| Information shown |
━━━

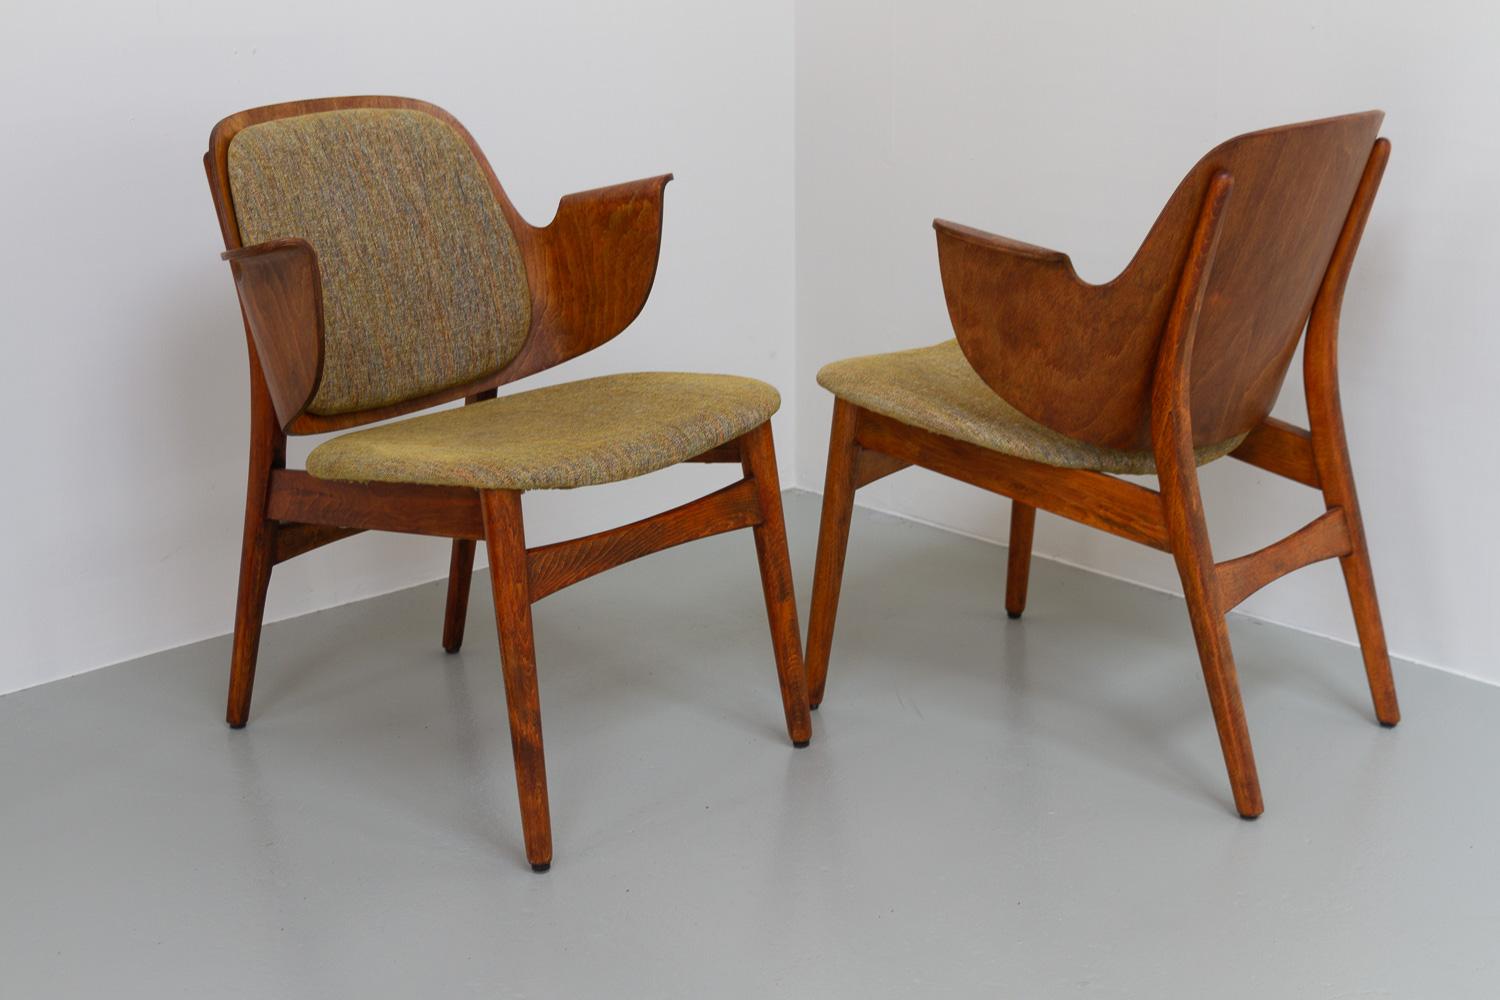 Danish Modern Armchairs by Hans Olsen for Bramin, 1950s. Set of 2.
Pair of Danish Mid-Century Modern Model 107 lounge chairs in stained oak by Danish architect Hans Olsen for Bramin, Denmark. 
Back and armrests in one piece of shaped laminated wood.
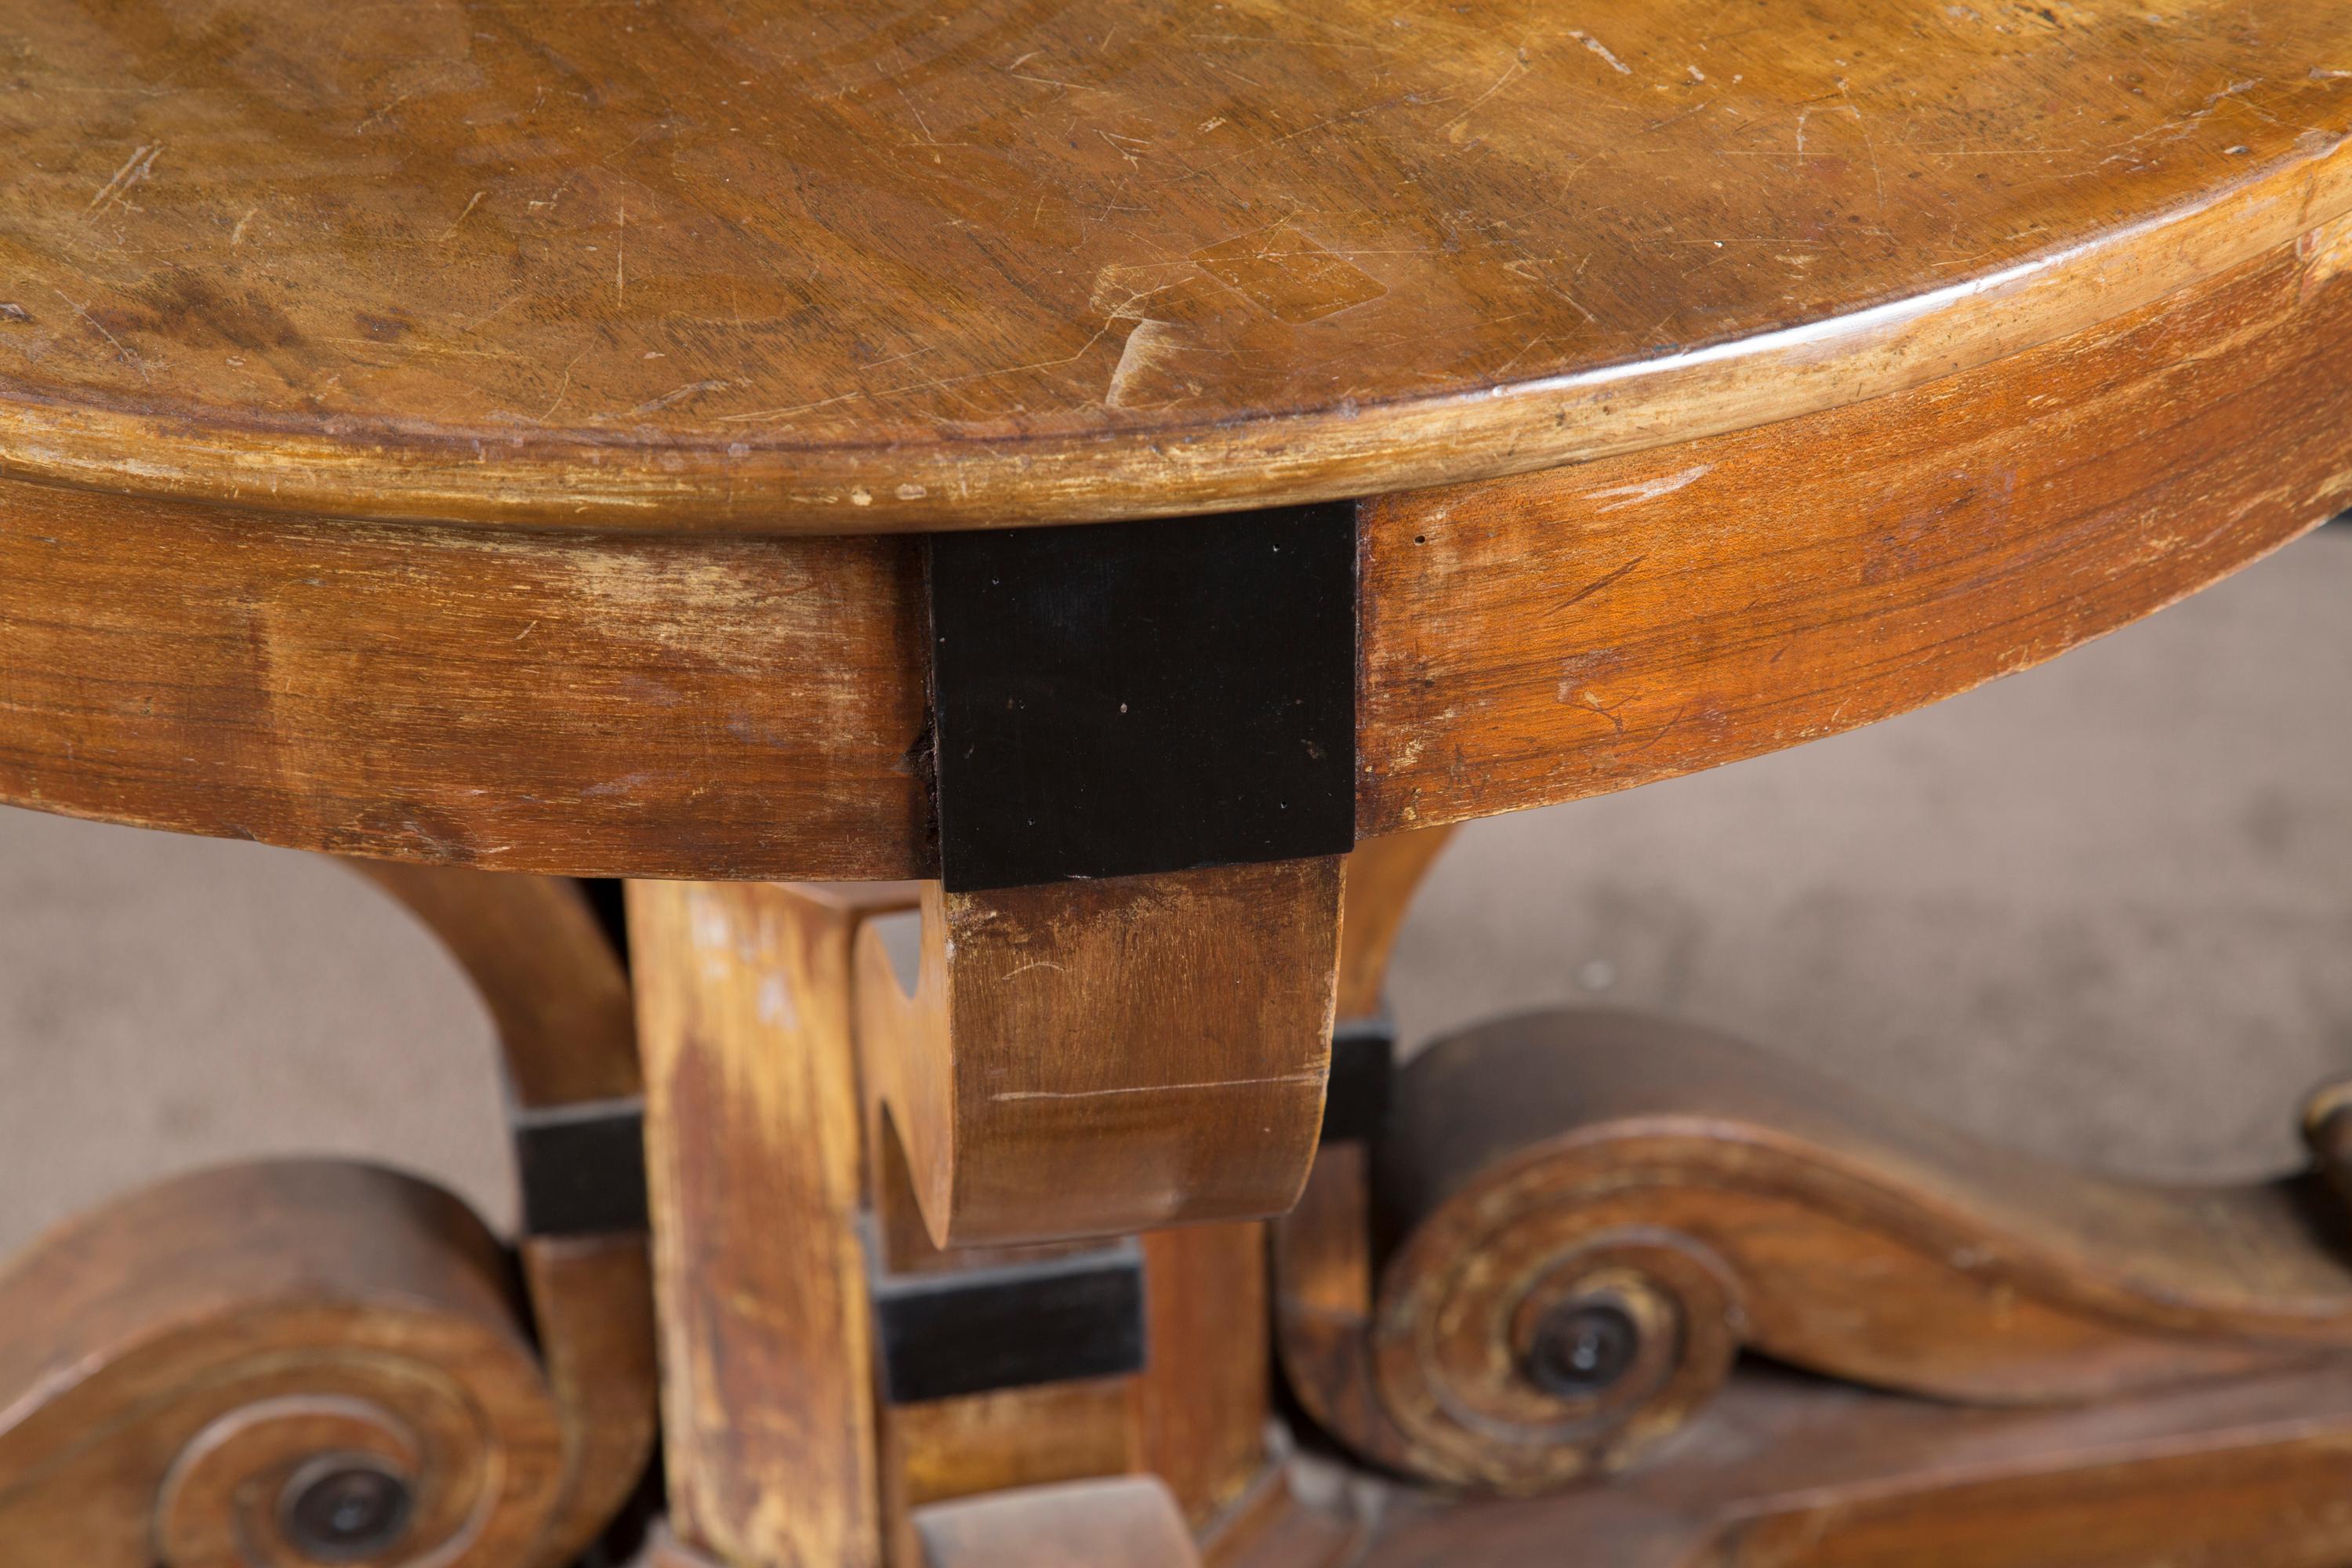 Fantastic period round Biedermeier pedestal table made of ebony and walnut. The German antique piece dates back to the early 19th century, circa 1820, and perfectly exemplifies the style and emotion of the era in which it was created.

This piece is
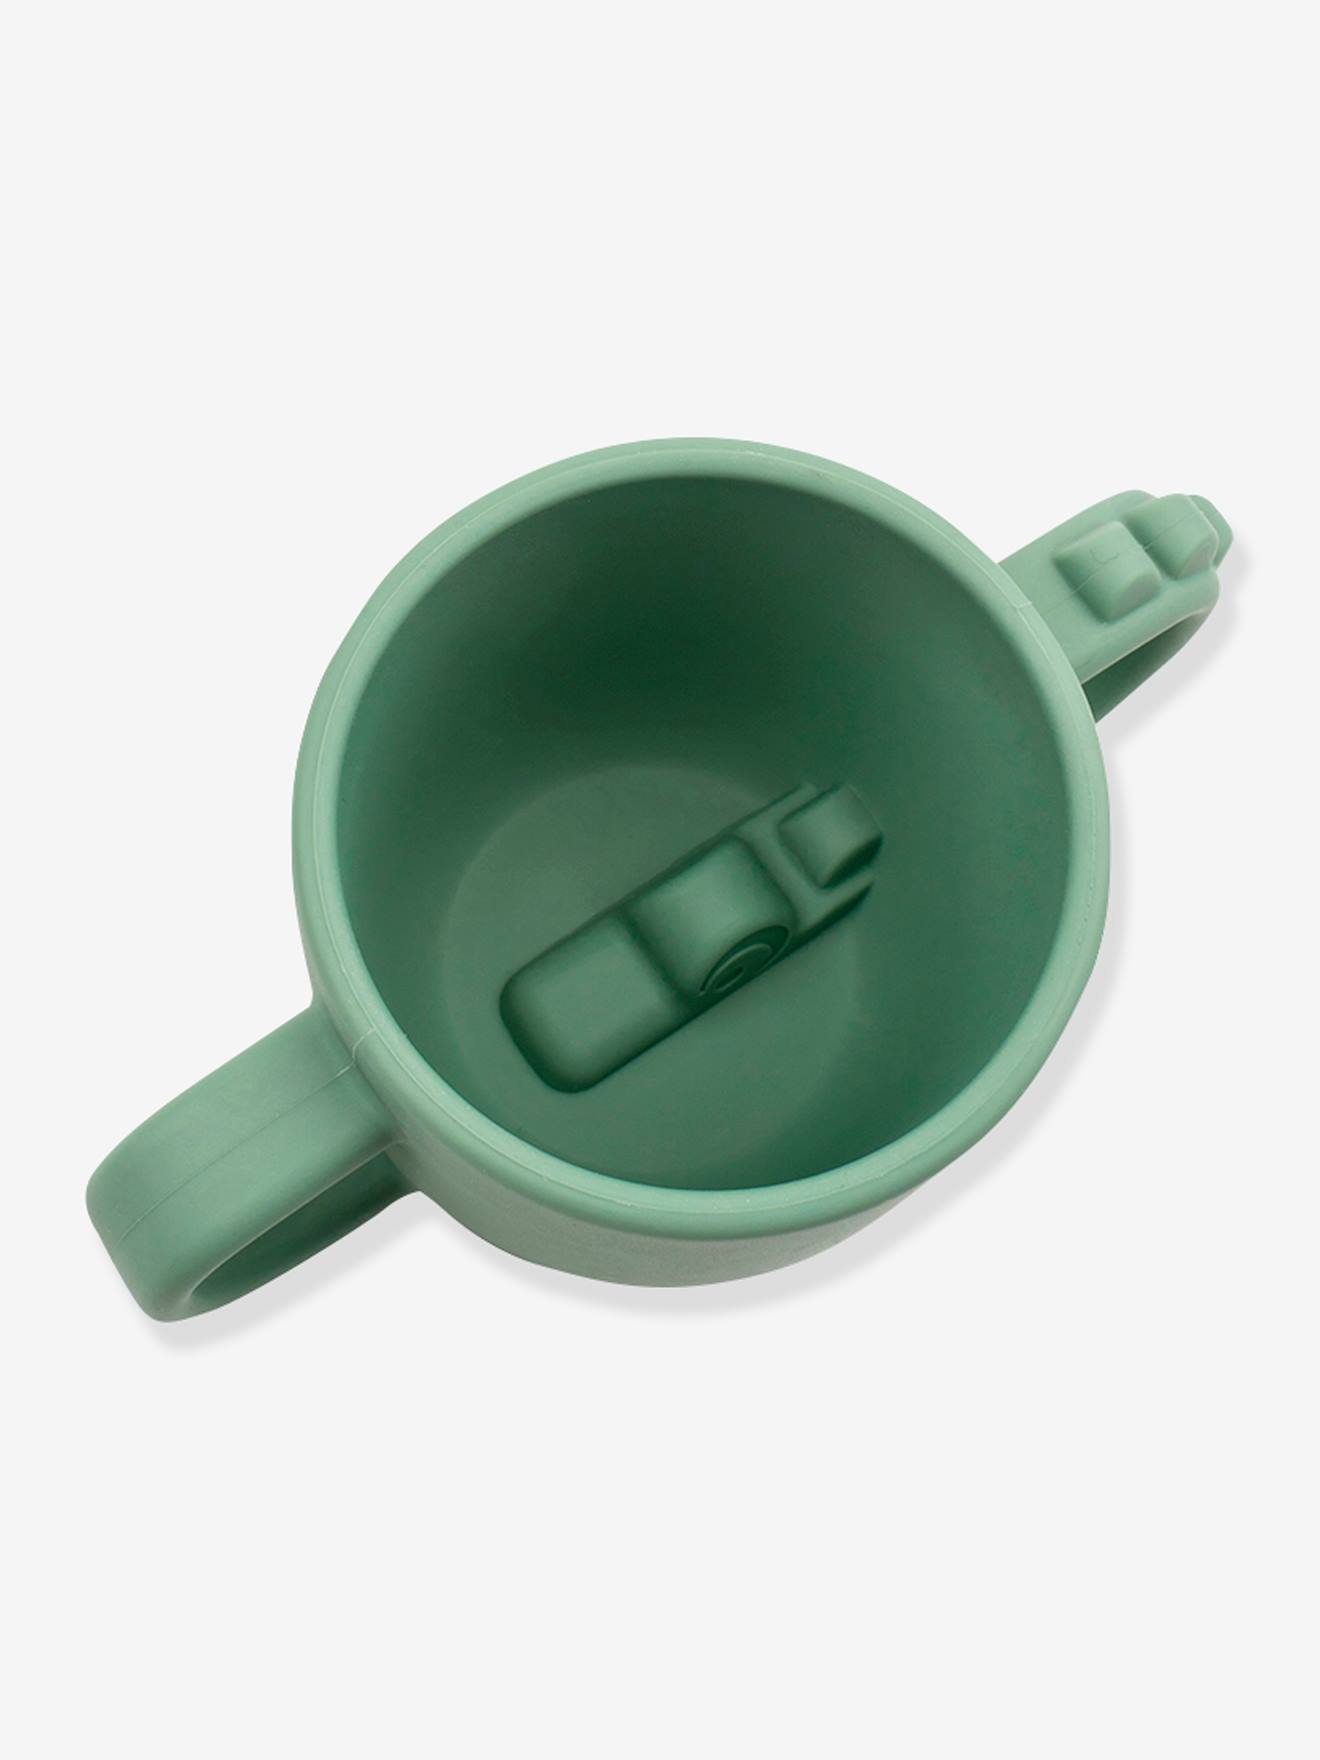 Croco Peekaboo 2-Handle Cup in Silicone, DONE BY DEER green light solid

━━━

| What the task requires |
All lines from the one containing "Fantastic period round" to the last line of the data above, both included, should be printed exactly, and the pictures should not appear.

| Written solution |
 Fantastic period round Biedermeier pedestal table made of ebony and walnut. The German antique piece dates back to the early 19th century, circa 1820, and perfectly exemplifies the style and emotion of the era in which it was created.

This piece is
 Croco Peekaboo 2-Handle Cup in Silicone, DONE BY DEER green light solid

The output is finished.